It’s no surprise that an economist looks at this from a different angle than a politician – or a unionized hotel worker. One of the tenets of economics is the notion of “creative destruction.” New industries destroy old ones; new jobs replace old ones – but the person who held the old job may not necessarily get one of the new jobs. Nor will the new job necessarily pay as well. Yes, there will be winners, but there will also be losers. Airbnb, as you’ve heard, is a winner. Nathan Blecharczyk, 31 years old, is one of the youngest billionaires in the world. But he argues that Airbnb is helping a lot of people make money:

BLECHARCZYK: In 2014, we will generate $768 million worth of economic impact in New York. So roughly one-third of that will go to hosts. And hosts, these are people…trying to  pay their mortgage or their rent, so this is much-needed income for them, but two-thirds of that will be spent out and about shopping, dining, etc.  And what’s really interesting is that over 70 percent of the properties are outside of major tourist districts… And so perhaps an unintended consequence of Airbnb is that huge tourism dollars are flowing into neighborhoods that don’t normally see the benefit of tourism… So it’s actually a really good thing for the local economy.
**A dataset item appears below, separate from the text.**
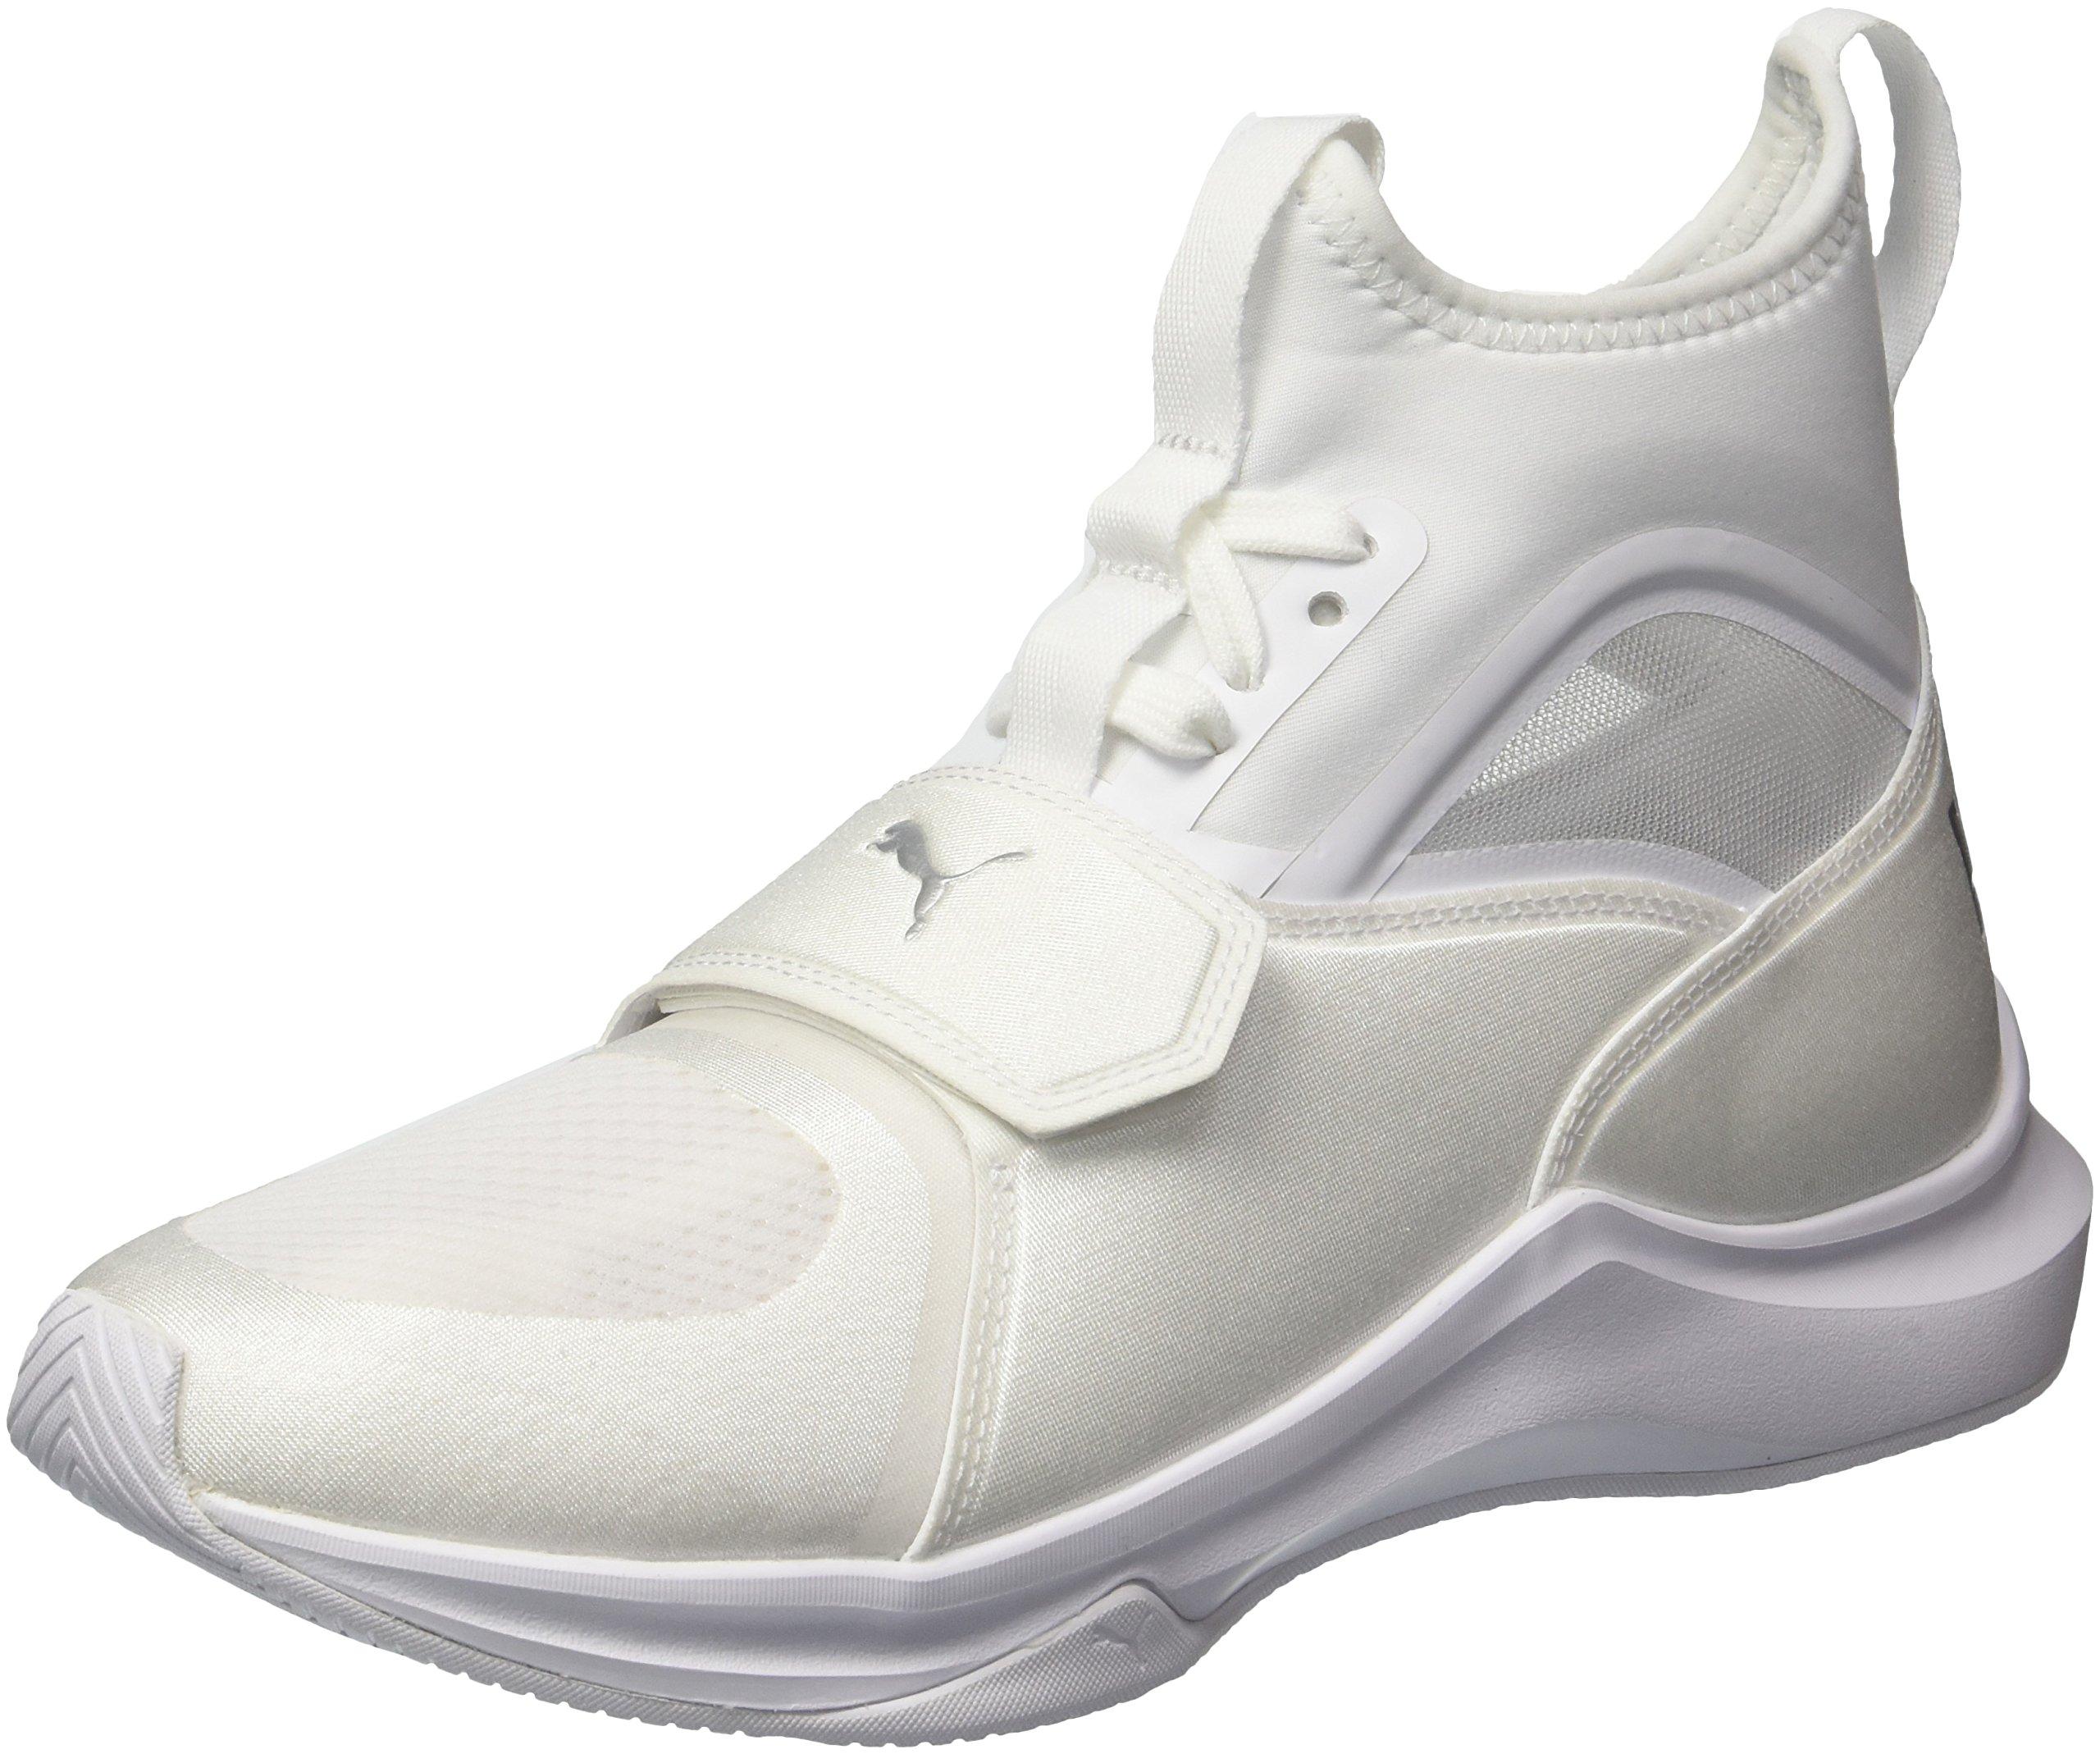 PUMA Women's Phenom Wn Sneaker, White White, 9.5 M US by PUMA

According to Airbnb’s numbers, New York City “hosts,” as they are called, will take in roughly $250 million in 2014. When a hotel in New York takes in $250 million, it pays a big chunk of that money  in taxes. But the City doesn’t see much tax revenue from Airbnb:

BLECHARCZYK: Well, first off, I would like to clarify that Airbnb pays all the taxes that Airbnb is responsible for.
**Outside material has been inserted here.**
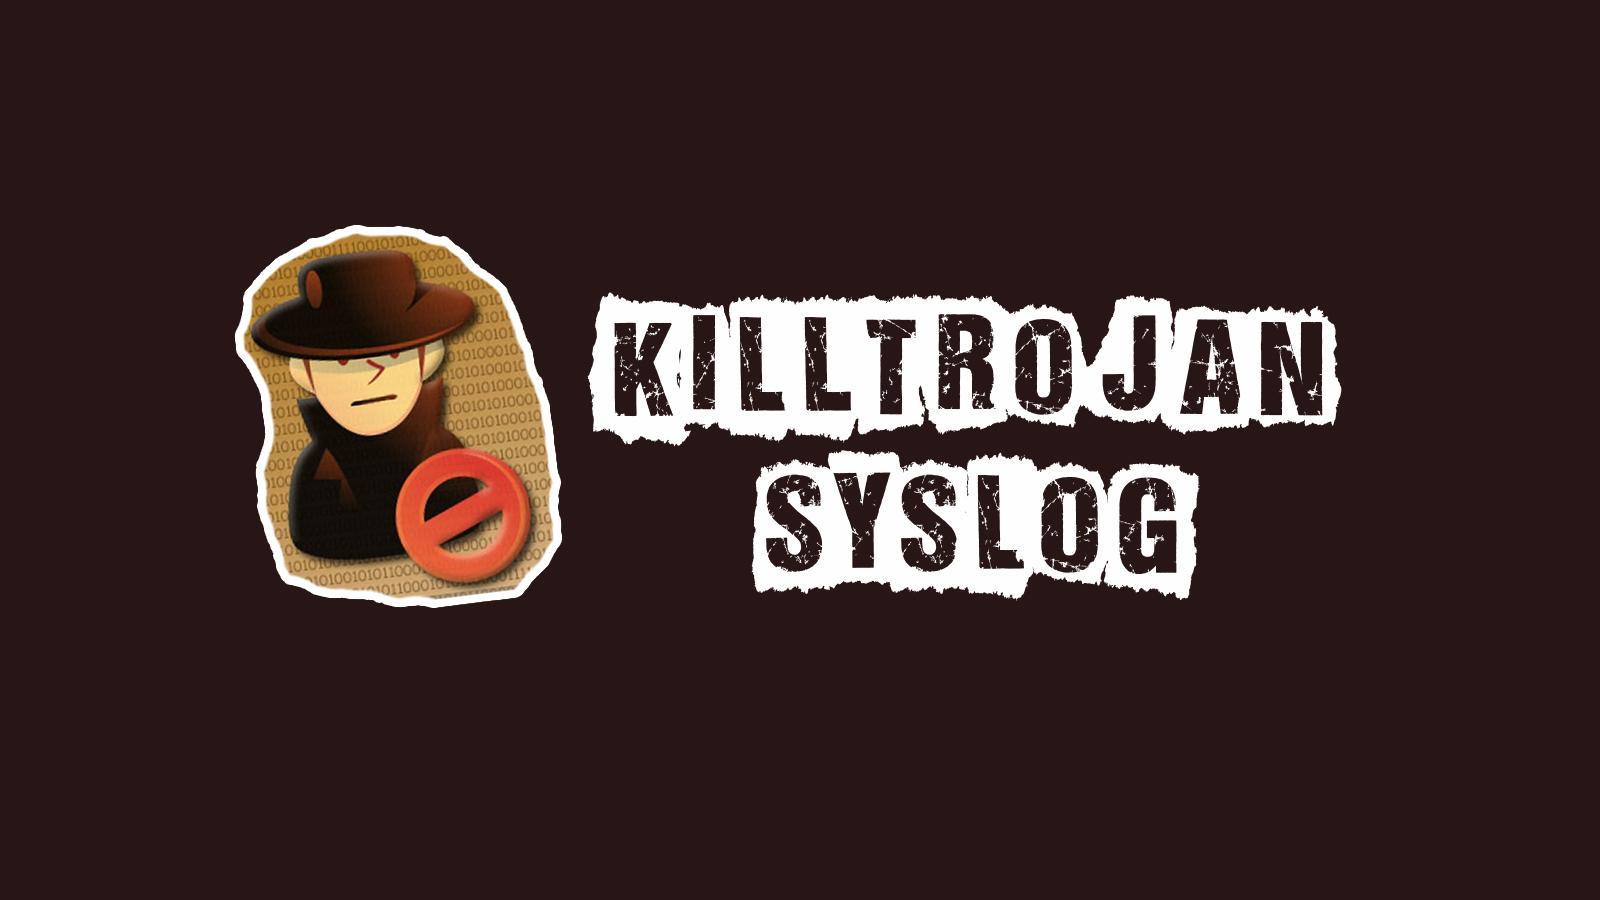 Killtrojan Syslog - Tool To Detect Malware Activity On a System

That may be true but, again: Airbnb isn’t a hotel company. It just makes the market. Airbnb earns its money by taking a cut of each transaction:

BLECHARCZYK: So our business model is to take between 6 and 12 percent from the guest, and three percent from the host. So on average a little above 10 percent.
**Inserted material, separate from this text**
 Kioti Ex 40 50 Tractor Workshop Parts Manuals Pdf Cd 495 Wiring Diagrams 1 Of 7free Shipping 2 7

So hosts take in roughly 90 percent of the dollars, which they are legally obligated to pay taxes on. But they rarely do. Why not? One reason is that it’s pretty tempting, and easy, to not pay taxes on peer-to-peer transactions. But Blecharczyk argues there is at least one more reason:

BLECHARCZYK: A lot of the hosts are afraid, because they aren’t sure if they are allowed to rent out their homes on a short-term basis. And so they fear that if they pay the tax that is due and in doing so give away their identity, that they’ll be called on the carpet for violating a short-term rental law. And so these two issues really go hand-in-hand. And it’s hard to solve a tax problem without also allowing people to stop hiding.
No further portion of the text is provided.